- Born: ‹The template below is included via a redirect (Template:Birth-date) that is under discussion. See redirects for discussion to help reach a consensus.›10 August 1968 Bern, Switzerland
- Died: 5 September 2011 (aged 43) Donnalucata, Ragusa, Italy
- Occupation: Tenor

= Salvatore Licitra =

Italian operatic tenor

Salvatore Licitra (10 August 1968 – 5 September 2011) was an Italian operatic tenor.

==Early life and debuts==
Born in Bern, Switzerland, to Sicilian parents, Licitra grew up in Milan. He fell into opera by accident. As many tenors before him, he was not altogether confident about his vocal capabilities and started working as a graphic artist for Italian Vogue. At the age of 19 he began attending singing classes on a regular basis and enrolled at the Music Academy of Parma and the Corsi Verdiani. After 8 years of studies, initially as a choir vocalist, he left his voice teacher and enrolled at Carlo Bergonzi's voice academy in Busseto.

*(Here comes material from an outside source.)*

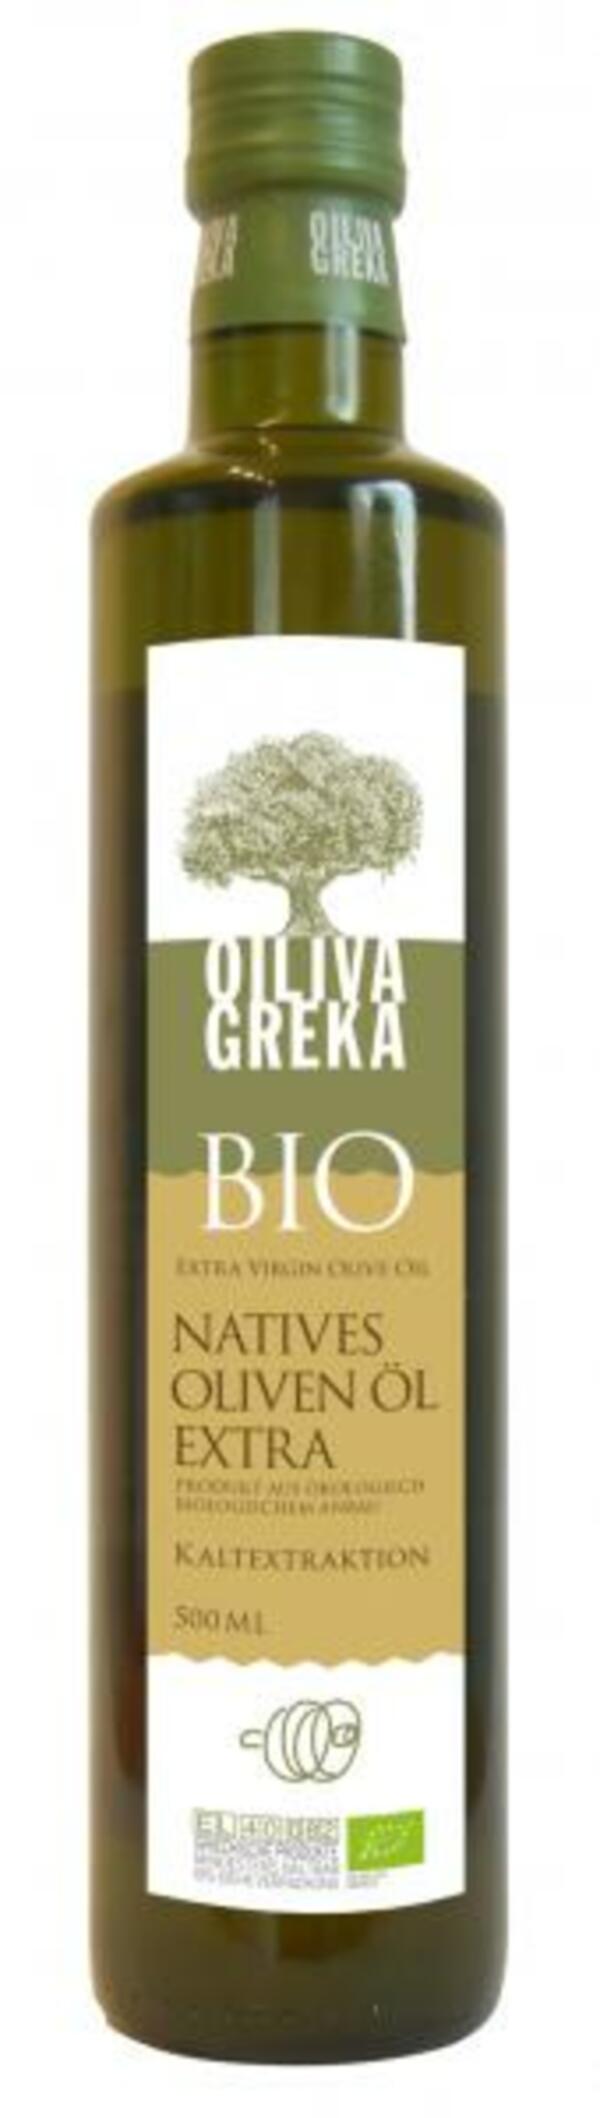 Bild 1 von Oiliva Greka Bio Natives Olivenöl Extra
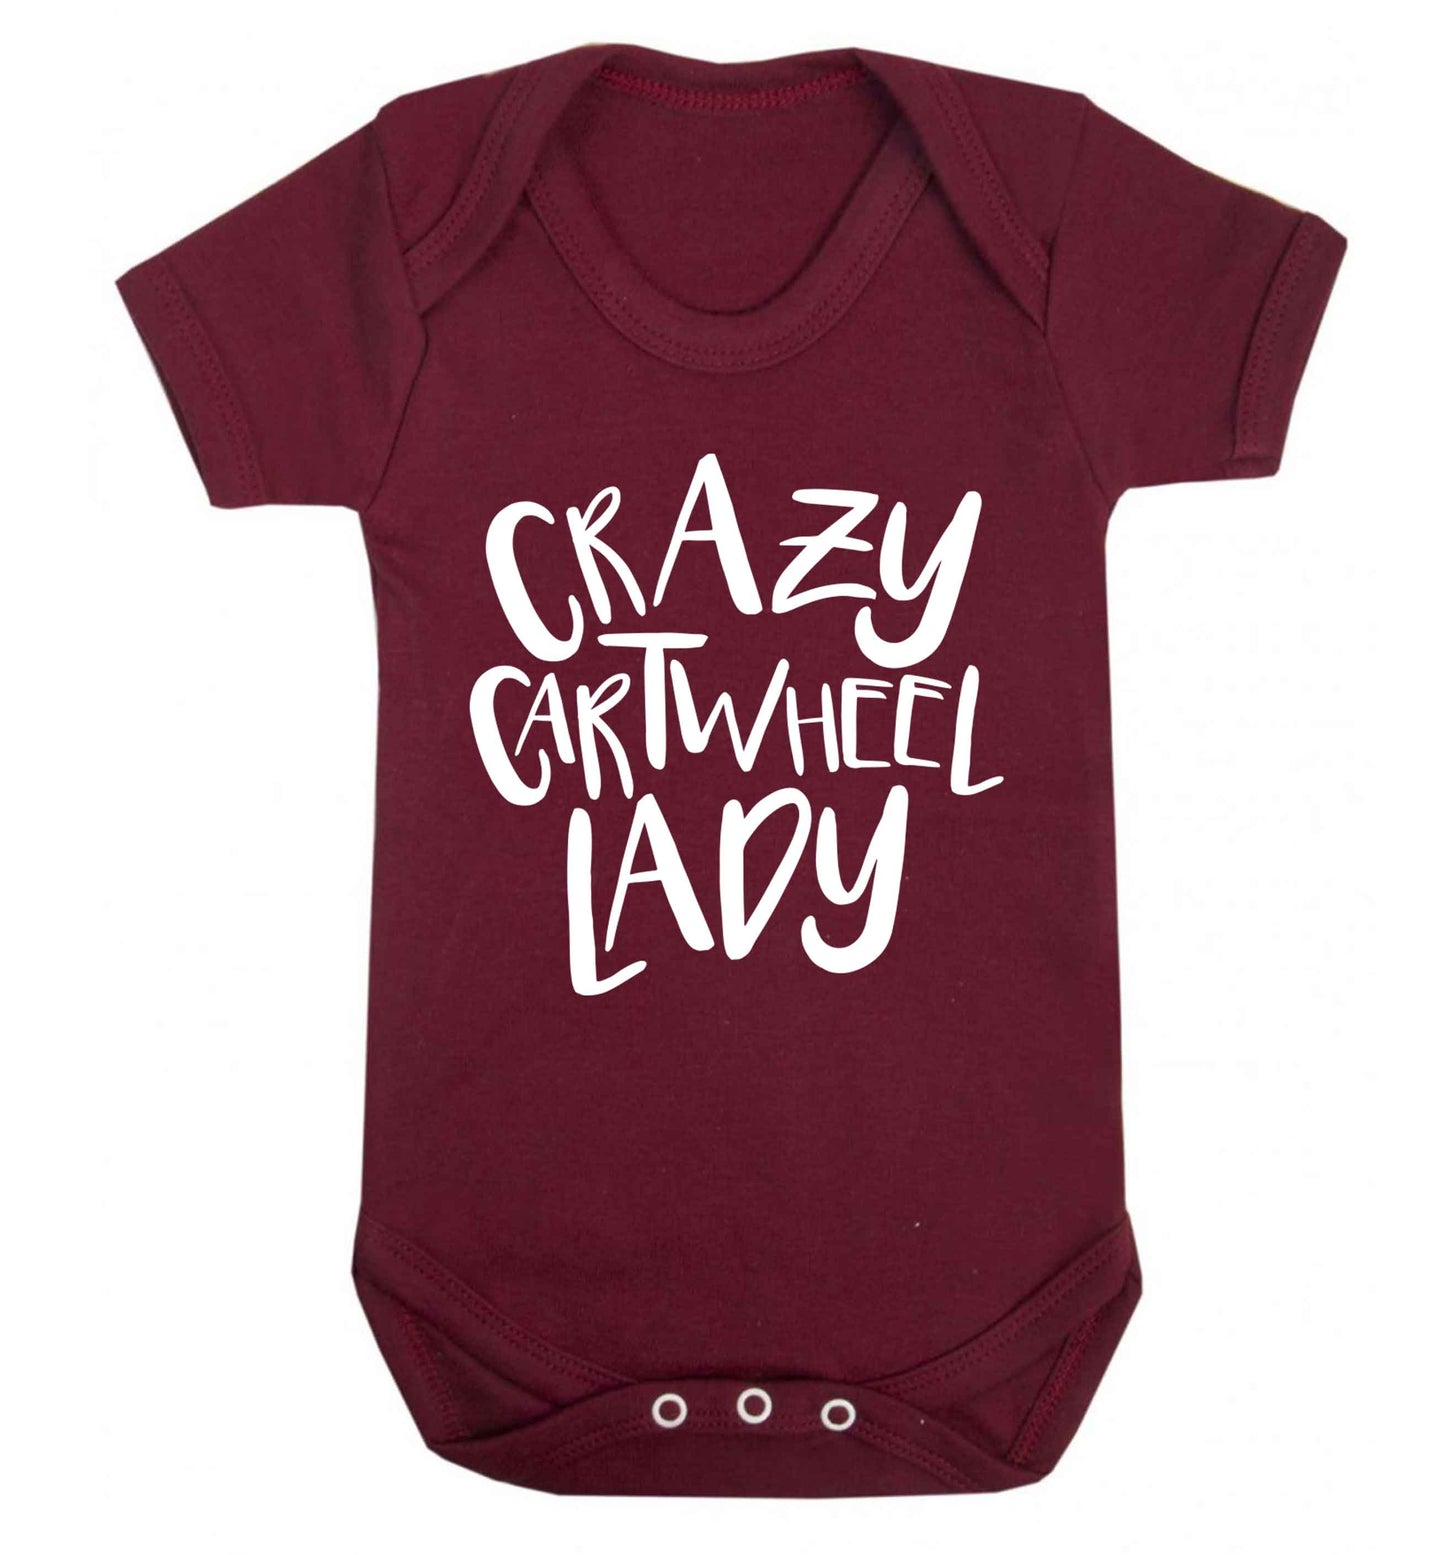 Crazy cartwheel lady Baby Vest maroon 18-24 months

He debuted in Un ballo in maschera in Parma in 1998, in a performance for Bergonzi's students. His success led to a contract as cover in Ballo, Rigoletto and Aida in Verona, and he ended up singing them all. Buoyed by positive audience reception, he auditioned for Riccardo Muti at La Scala, who hired the young tenor for Alvaro in a new production of La forza del destino.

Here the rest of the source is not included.